Si vous êtes marié ou uni civilement, vous avez une obligation alimentaire envers votre conjoint. En raison de cette obligation, une pension alimentaire peut lui être versée à la suite d’une séparation de corps, du divorce ou d’une dissolution d'union civile.
En règle générale, cette pension alimentaire est considérée comme un soutien temporaire.
Les conjoints mariés ou unis civilement ont une obligation alimentaire l'un envers l'autre. En raison de cette obligation, une pension alimentaire peut être versée à l'ex-conjoint à la suite de la séparation de corps, du divorce ou de la dissolution de l'union civile.
En règle générale, cette pension alimentaire est considérée comme un soutien temporaire à l'ex-conjoint afin de lui permettre de prendre les moyens nécessaires pour obtenir son autonomie financière. La pension alimentaire n'est pas accordée systématiquement.
Elle vise notamment à
- répartir entre les ex-conjoints les conséquences économiques qui découlent du soin de tout enfant à charge, en plus du versement d'une pension alimentaire pour l'enfant;
- remédier aux difficultés économiques résultant de l'échec du mariage ou de l'union civile;
- favoriser, dans la mesure du possible, l'indépendance économique de chaque ex-conjoint dans un délai raisonnable.
Rôle du tribunal
Pour déterminer la nécessité de verser une pension alimentaire à l'un des ex-conjoints, le tribunal tient compte des ressources financières, des besoins et de la situation de chaque conjoint.

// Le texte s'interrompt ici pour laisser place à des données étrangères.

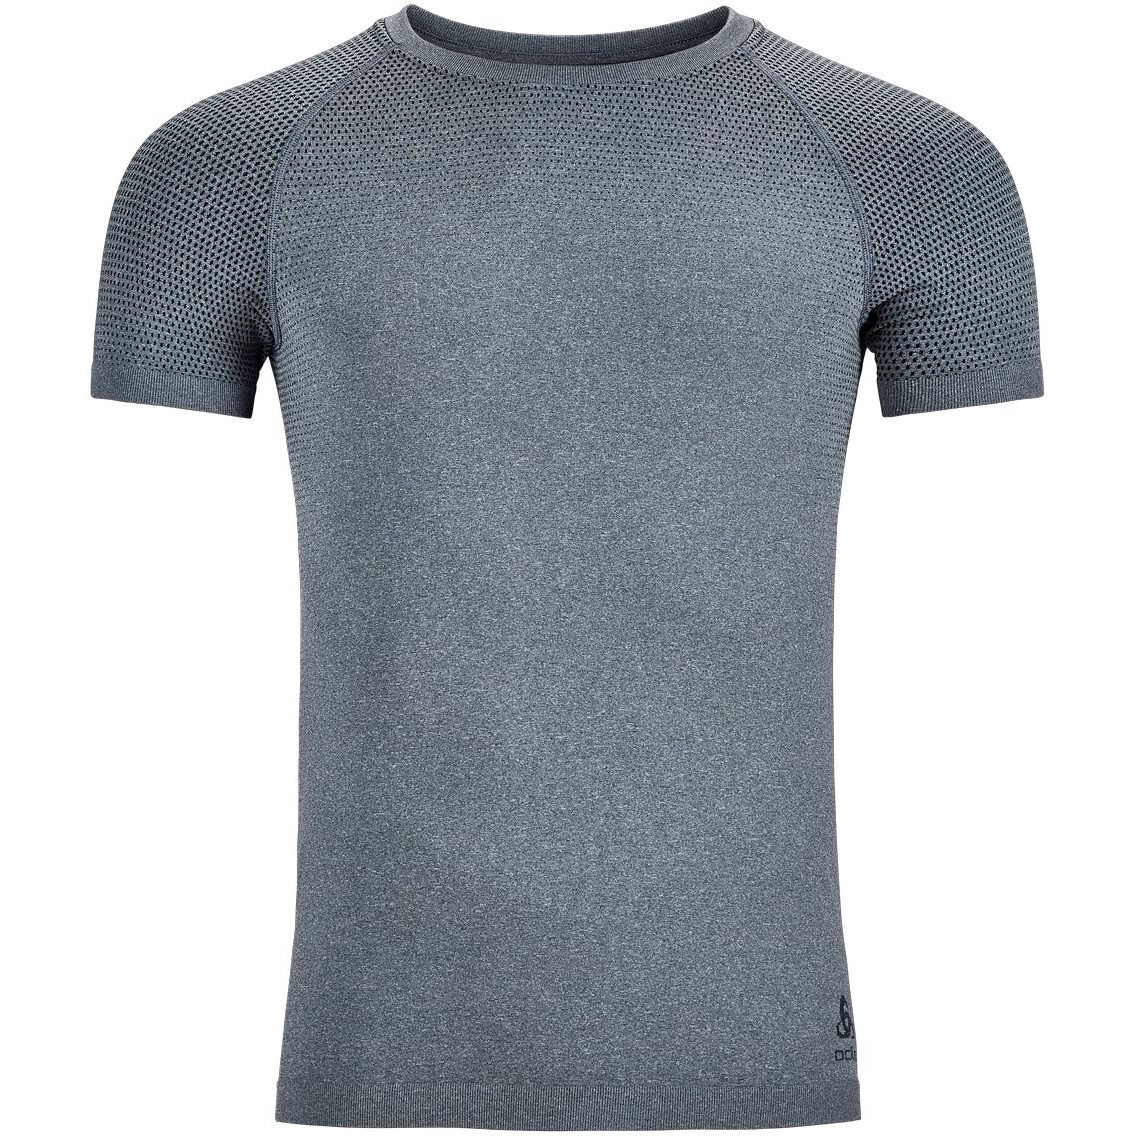 Odlo T-Shirt S/S Crew Neck Essential Seamless - Sport shirt Men's

Il peut également prendre en considération
- la durée de la cohabitation;
- les fonctions remplies par chaque conjoint pendant l'union;
- le degré d'autonomie financière de chaque conjoint;
- les ordonnances, les ententes ou autres arrangements concernant les pensions alimentaires préalablement établis au profit du conjoint ou des enfants à charge.
Le tribunal peut également ordonner à l'un des conjoints de verser une provision pour frais d'instance à l'autre conjoint, dans l'attente d'une décision sur la demande de pension alimentaire.
Le versement de la pension alimentaire est soumis au Programme de perception des pensions alimentaires administré par Revenu Québec.
Note
Même si l'obligation alimentaire n'existe pas légalement pour les conjoints de fait, le versement d'une pension alimentaire en cas de rupture peut être prévu à l'intérieur d'un contrat de vie commune ou dans le cadre d'une entente de rupture.
Mesures provisoires
Mesures qui visent l'organisation de la famille pendant l'instance et la préservation de certains droits, soit
- ceux des époux en prévision du jugement de séparation de corps, de divorce ou d'annulation de mariage;
- ceux des conjoints unis civilement en prévision de la dissolution ou de l'annulation de l'union civile;
- ceux des enfants communs.
Clientèles
Les conjoints ou les ex-conjoints mariés ou unis civilement qui sont en instance de séparation de corps, de divorce, de dissolution de l'union civile ou en annulation de mariage ou d'union civile.
Conditions
Le demandeur doit avoir des ressources financières insuffisantes pour répondre à ses besoins.
Le montant de la pension alimentaire est décidé par le tribunal, sauf si une entente est convenue entre les ex-conjoints. Il peut être révisé par le tribunal lors d'un changement dans la condition de l'un des ex-conjoints.
Le tribunal peut exceptionnellement remplacer ou compléter cette pension alimentaire par une somme forfaitaire payable en un seul ou plusieurs versements à l'ex-conjoint.
Le montant de la pension alimentaire est automatiquement indexé le 1er janvier de chaque année, sauf si le jugement du tribunal en décide autrement.
La pension alimentaire versée à un ex-conjoint est fiscalisée. La personne qui la reçoit doit donc l'ajouter à ses revenus lorsqu'elle remplit sa déclaration de revenus, tandis que celui qui la paye la déduit de ses revenus.